The aforementioned training, aside from its focus on saving the planet, suddenly got me into thinking about my mother’s stipulation. It was dumb but clever. I know that energy efficiency was not her main intention but, theoretically considering other possibilities, it might be. She had just campaigned without even knowing. Campaigning for the environment is for a good cause but the question on how it should work and be applied to the general public is the next concern. As for me following my mother’s request of not turning the lights on is one example that her inner persuading ability is in good shape. Influence is the key.

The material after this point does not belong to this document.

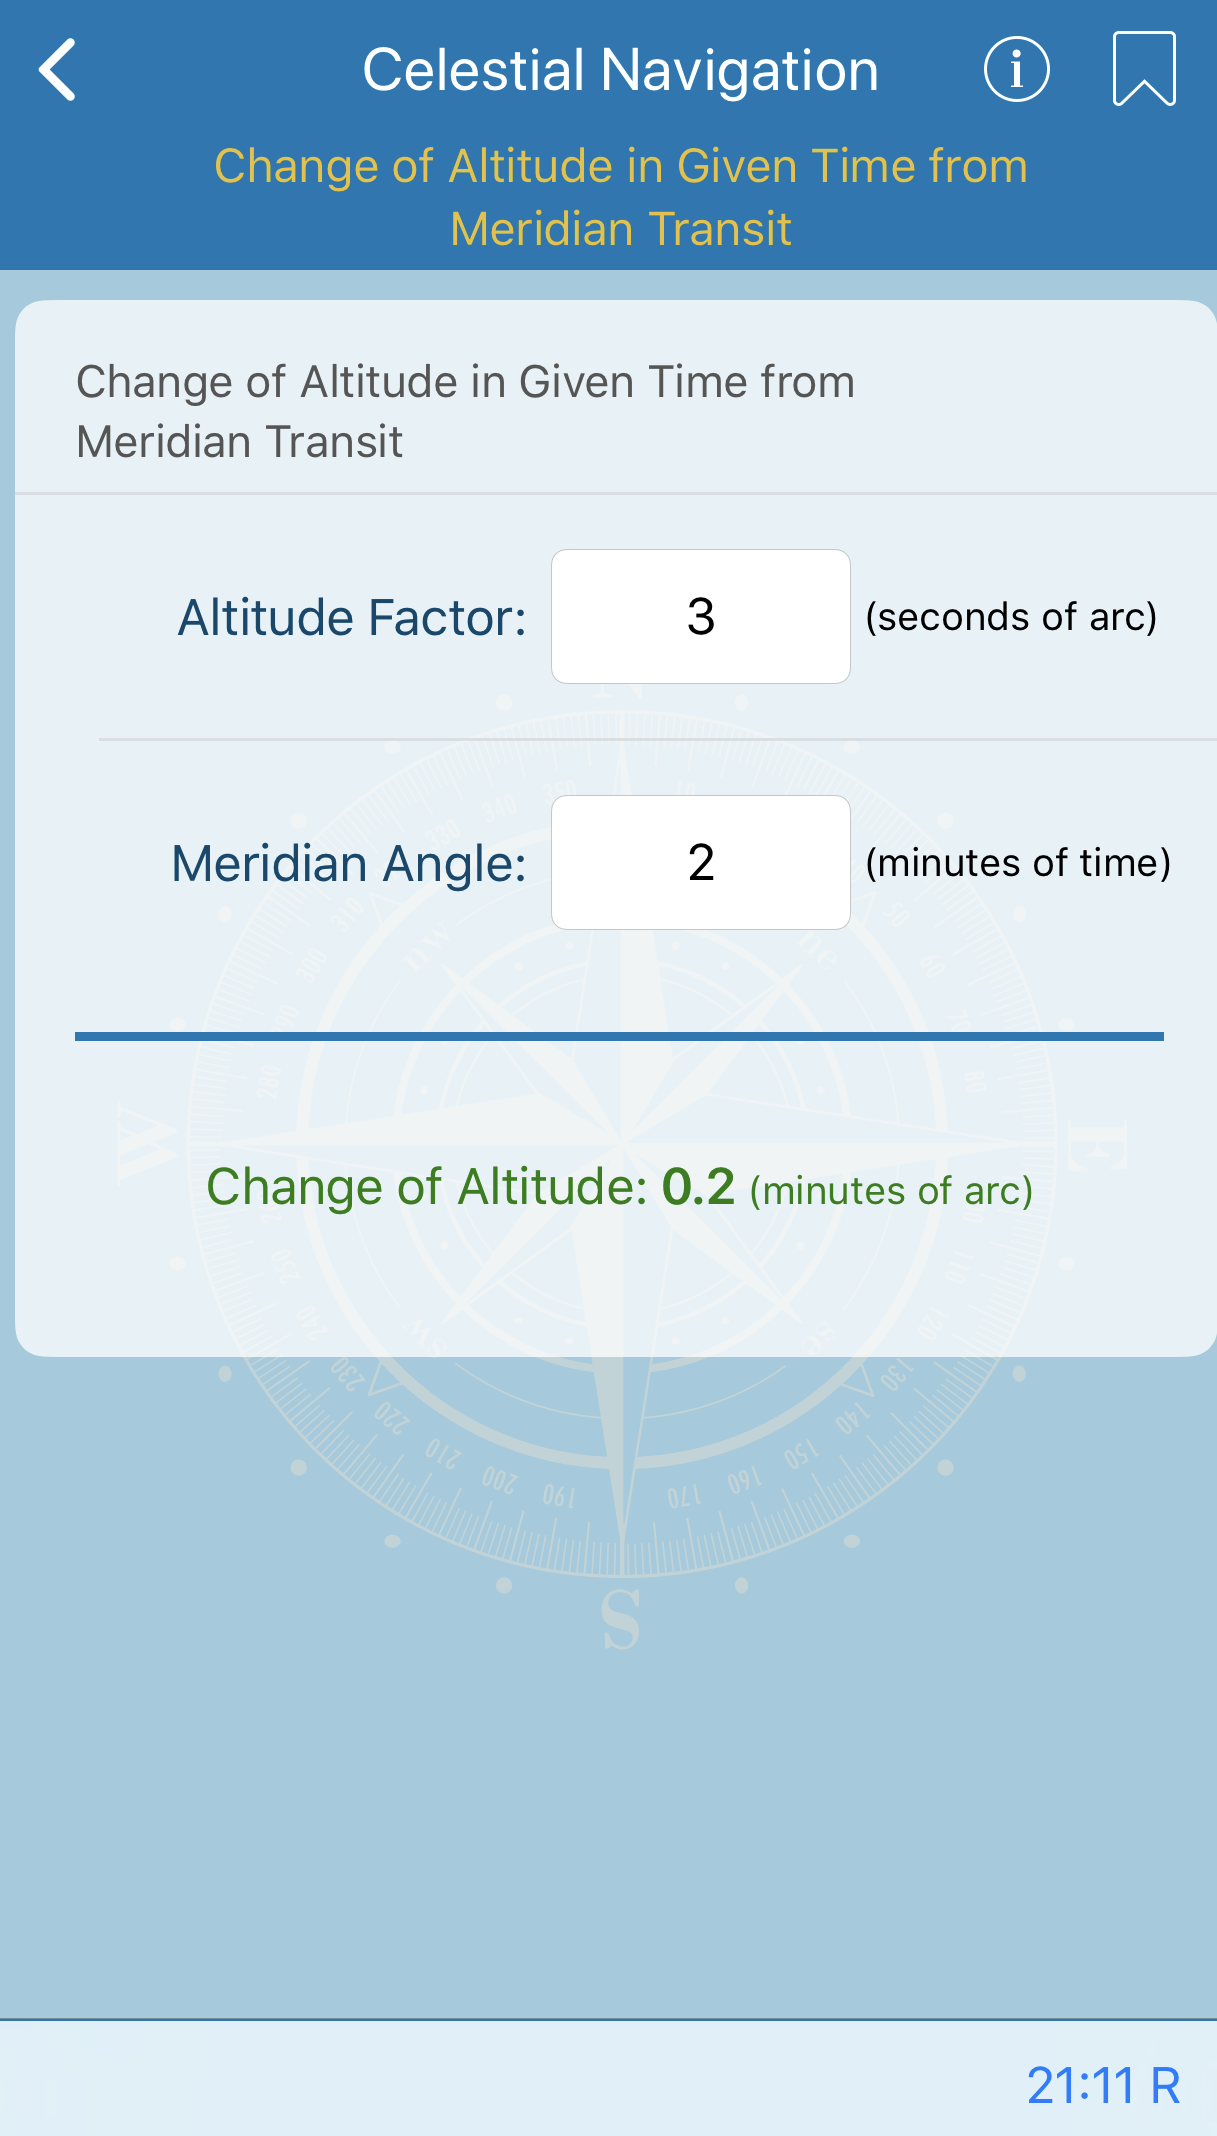 Change of Altitude in Given Time from Meridian Transit

Chris Rose, a British writer who is effectively campaigning strategies on environmental preservation said that “The simplest thing you can do to help [channel] your message is to be direct and straightforward. Forget being clever.” One good example is the movement towards combating climate change. It’s fast influencing a lot of people and I’m sure a portion of them is not involved in direct actions such as rallying in the streets, putting up banners at building walls, and shouting at public areas. Sometimes, these just bring more confusion or, to the last degree, chaos instead of order. At times, there’s definitely no need to be completely radical. And being subtle and silent doesn’t help either.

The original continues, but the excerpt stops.